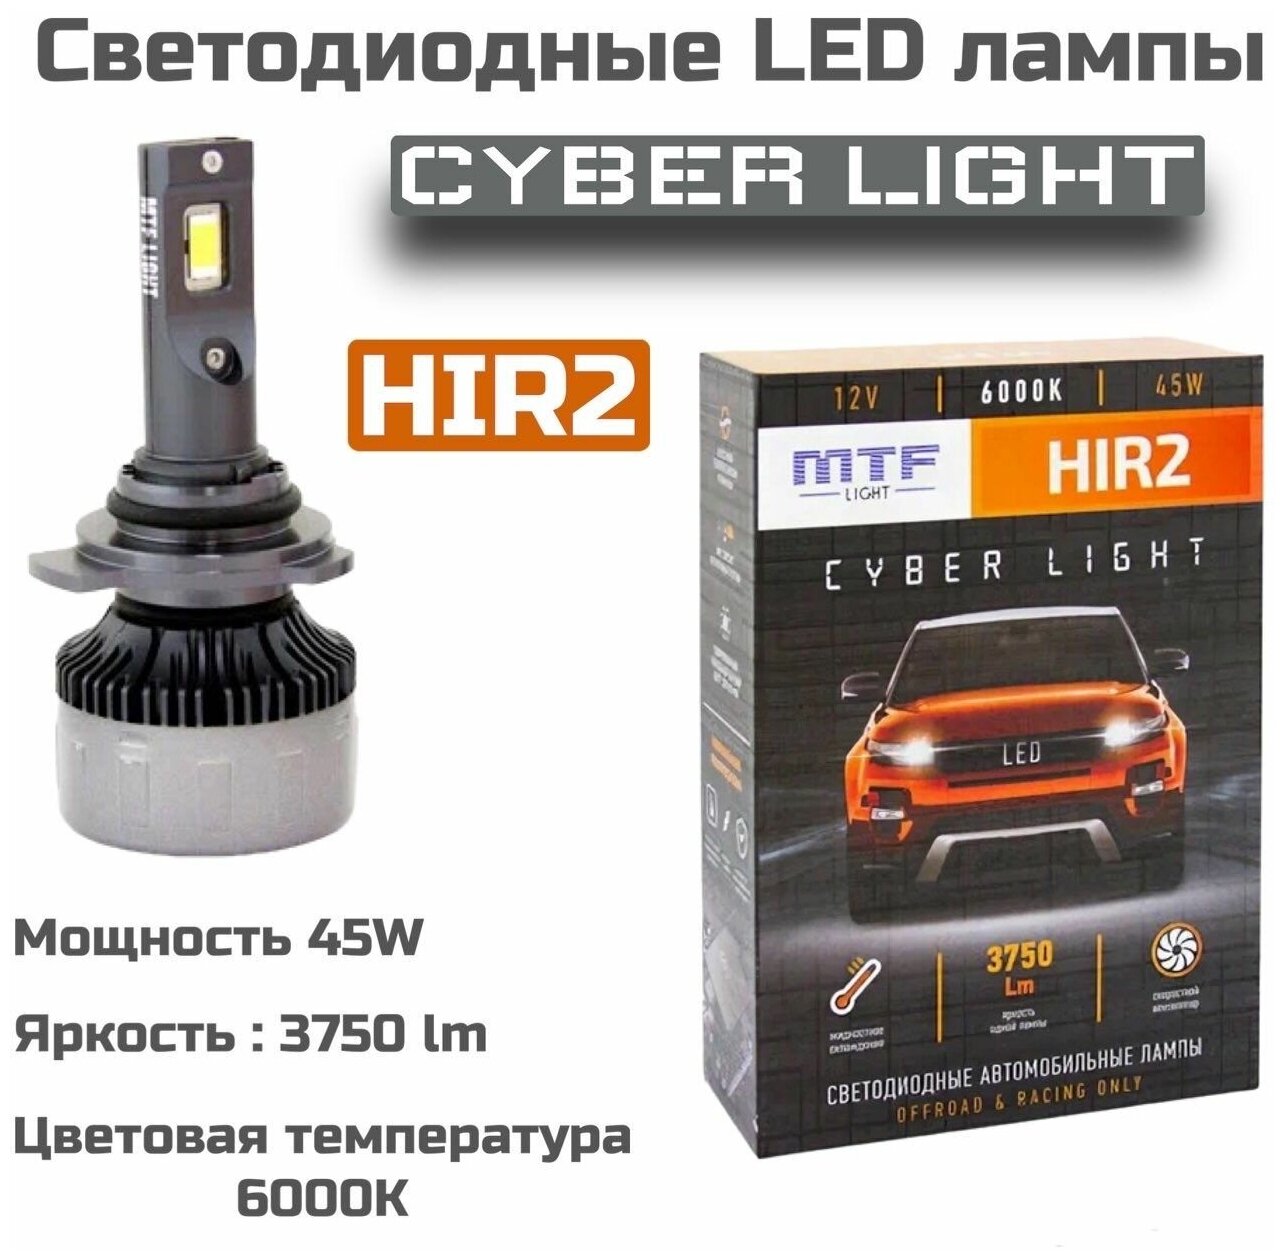 Светодиодные автомобильные лампы MTF Light Cyber light HIR2 6000K 12V
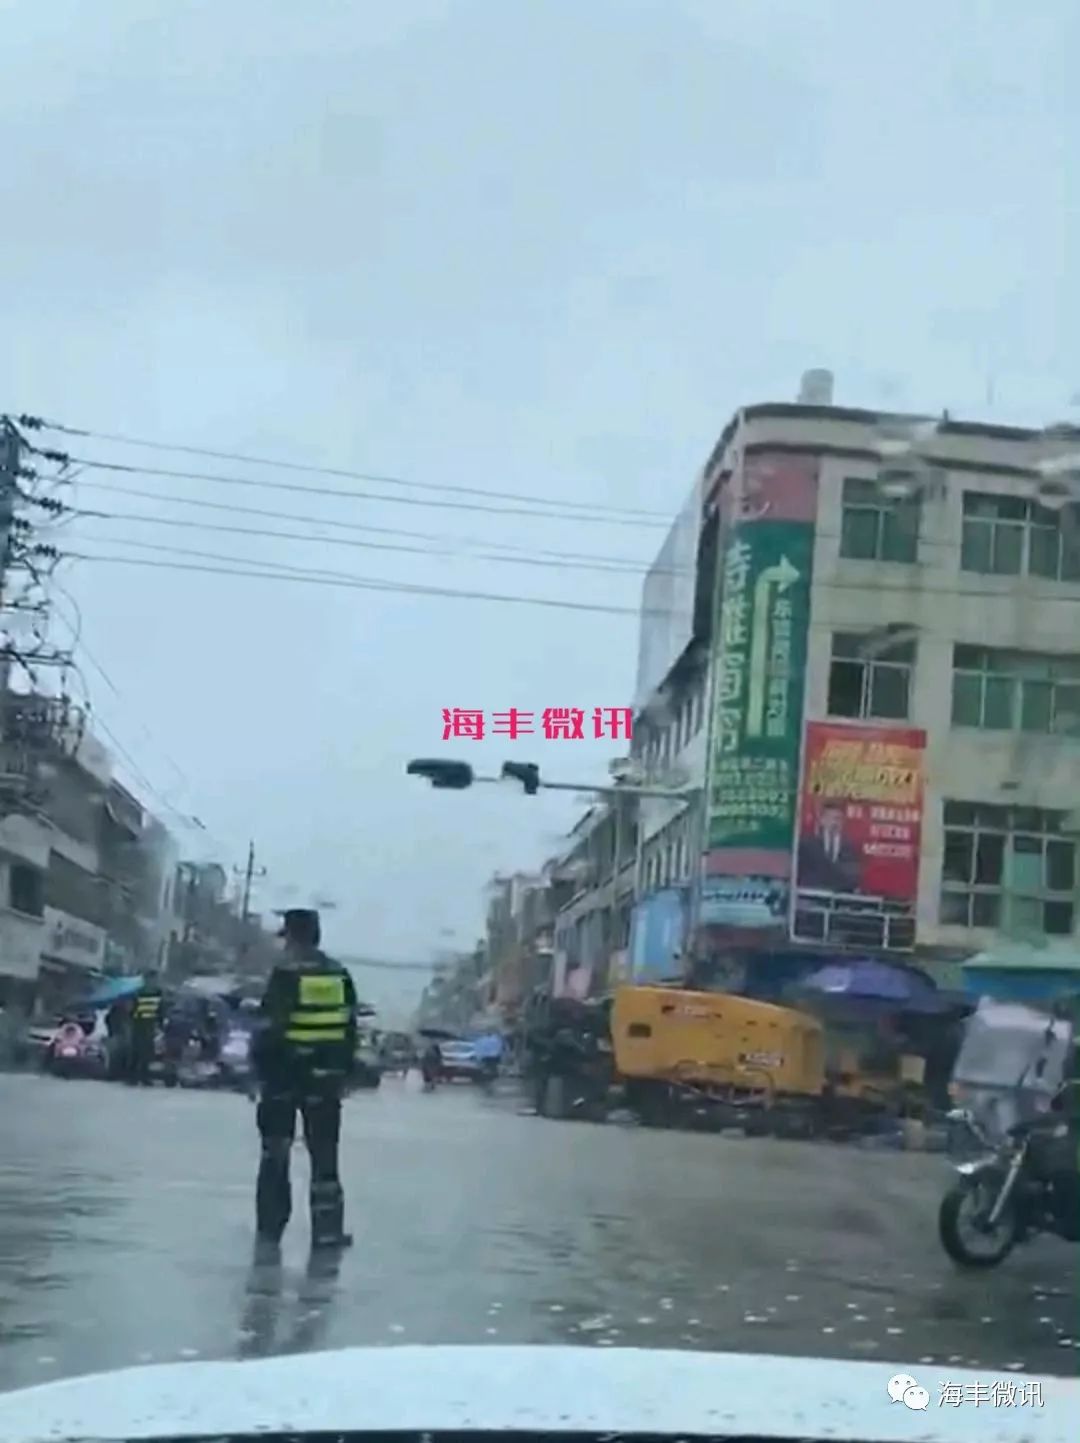 海丰梅陇镇多名工作人员冒雨站路中,发生
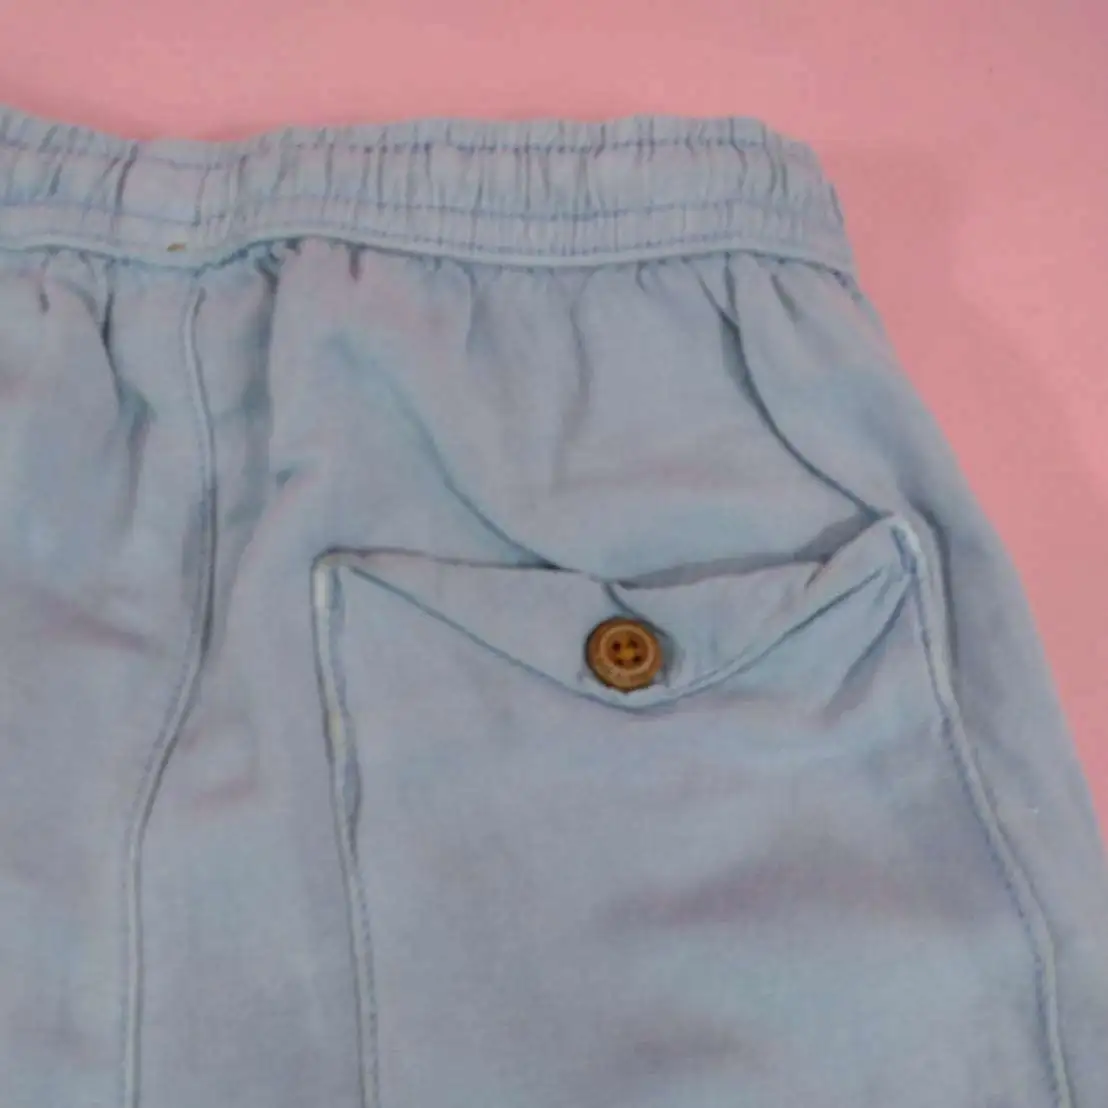 ZARA กางเกงผ้าฝ้ายขายาวสีฟ้าครามไซส์ 4-5y

▸ What you are asked to do
Repeat the material above in full and unchanged, minus its images.

▸ Answer to the problem
 Светодиодные автомобильные лампы MTF Light Cyber light HIR2 6000K 12V
 海丰梅陇镇多名工作人员冒雨站路中,发生
 ZARA กางเกงผ้าฝ้ายขายาวสีฟ้าครามไซส์ 4-5y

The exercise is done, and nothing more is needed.